* **What you will do**
Give back all of the data, word for word.

*** Opening Data for review ***

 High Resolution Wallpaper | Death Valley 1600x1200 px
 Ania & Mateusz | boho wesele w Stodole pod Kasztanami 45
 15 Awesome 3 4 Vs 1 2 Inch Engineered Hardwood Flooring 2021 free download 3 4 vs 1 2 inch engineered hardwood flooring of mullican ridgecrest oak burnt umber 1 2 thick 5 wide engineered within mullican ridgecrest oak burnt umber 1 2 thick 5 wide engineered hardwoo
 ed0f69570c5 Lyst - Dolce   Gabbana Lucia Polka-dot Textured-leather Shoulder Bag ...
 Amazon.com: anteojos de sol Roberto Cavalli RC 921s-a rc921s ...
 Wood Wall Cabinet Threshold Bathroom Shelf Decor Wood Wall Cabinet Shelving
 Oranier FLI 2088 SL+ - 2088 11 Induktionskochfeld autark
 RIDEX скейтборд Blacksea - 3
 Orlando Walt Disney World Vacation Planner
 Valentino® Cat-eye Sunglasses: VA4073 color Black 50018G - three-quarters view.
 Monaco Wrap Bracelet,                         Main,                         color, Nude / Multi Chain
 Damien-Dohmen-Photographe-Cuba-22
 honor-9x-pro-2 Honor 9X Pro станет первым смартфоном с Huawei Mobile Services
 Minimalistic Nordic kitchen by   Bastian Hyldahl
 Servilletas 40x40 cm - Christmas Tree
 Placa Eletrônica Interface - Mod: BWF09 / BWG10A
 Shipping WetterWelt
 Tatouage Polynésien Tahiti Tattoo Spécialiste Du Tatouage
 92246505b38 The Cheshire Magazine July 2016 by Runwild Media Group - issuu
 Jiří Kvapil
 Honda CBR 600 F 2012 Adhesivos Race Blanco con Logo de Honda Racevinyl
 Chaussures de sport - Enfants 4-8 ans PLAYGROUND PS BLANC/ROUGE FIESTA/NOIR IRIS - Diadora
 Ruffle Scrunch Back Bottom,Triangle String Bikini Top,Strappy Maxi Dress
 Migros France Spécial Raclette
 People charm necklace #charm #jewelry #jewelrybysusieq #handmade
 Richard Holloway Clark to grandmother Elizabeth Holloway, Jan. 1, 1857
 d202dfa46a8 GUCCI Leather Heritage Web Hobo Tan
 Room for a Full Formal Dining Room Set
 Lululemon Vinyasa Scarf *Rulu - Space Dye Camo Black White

*** Closing Data for review ***

* **Solution**
 High Resolution Wallpaper | Death Valley 1600x1200 px
 Ania & Mateusz | boho wesele w Stodole pod Kasztanami 45
 15 Awesome 3 4 Vs 1 2 Inch Engineered Hardwood Flooring 2021 free download 3 4 vs 1 2 inch engineered hardwood flooring of mullican ridgecrest oak burnt umber 1 2 thick 5 wide engineered within mullican ridgecrest oak burnt umber 1 2 thick 5 wide engineered hardwoo
 ed0f69570c5 Lyst - Dolce   Gabbana Lucia Polka-dot Textured-leather Shoulder Bag ...
 Amazon.com: anteojos de sol Roberto Cavalli RC 921s-a rc921s ...
 Wood Wall Cabinet Threshold Bathroom Shelf Decor Wood Wall Cabinet Shelving
 Oranier FLI 2088 SL+ - 2088 11 Induktionskochfeld autark
 RIDEX скейтборд Blacksea - 3
 Orlando Walt Disney World Vacation Planner
 Valentino® Cat-eye Sunglasses: VA4073 color Black 50018G - three-quarters view.
 Monaco Wrap Bracelet,                         Main,                         color, Nude / Multi Chain
 Damien-Dohmen-Photographe-Cuba-22
 honor-9x-pro-2 Honor 9X Pro станет первым смартфоном с Huawei Mobile Services
 Minimalistic Nordic kitchen by   Bastian Hyldahl
 Servilletas 40x40 cm - Christmas Tree
 Placa Eletrônica Interface - Mod: BWF09 / BWG10A
 Shipping WetterWelt
 Tatouage Polynésien Tahiti Tattoo Spécialiste Du Tatouage
 92246505b38 The Cheshire Magazine July 2016 by Runwild Media Group - issuu
 Jiří Kvapil
 Honda CBR 600 F 2012 Adhesivos Race Blanco con Logo de Honda Racevinyl
 Chaussures de sport - Enfants 4-8 ans PLAYGROUND PS BLANC/ROUGE FIESTA/NOIR IRIS - Diadora
 Ruffle Scrunch Back Bottom,Triangle String Bikini Top,Strappy Maxi Dress
 Migros France Spécial Raclette
 People charm necklace #charm #jewelry #jewelrybysusieq #handmade
 Richard Holloway Clark to grandmother Elizabeth Holloway, Jan. 1, 1857
 d202dfa46a8 GUCCI Leather Heritage Web Hobo Tan
 Room for a Full Formal Dining Room Set
 Lululemon Vinyasa Scarf *Rulu - Space Dye Camo Black White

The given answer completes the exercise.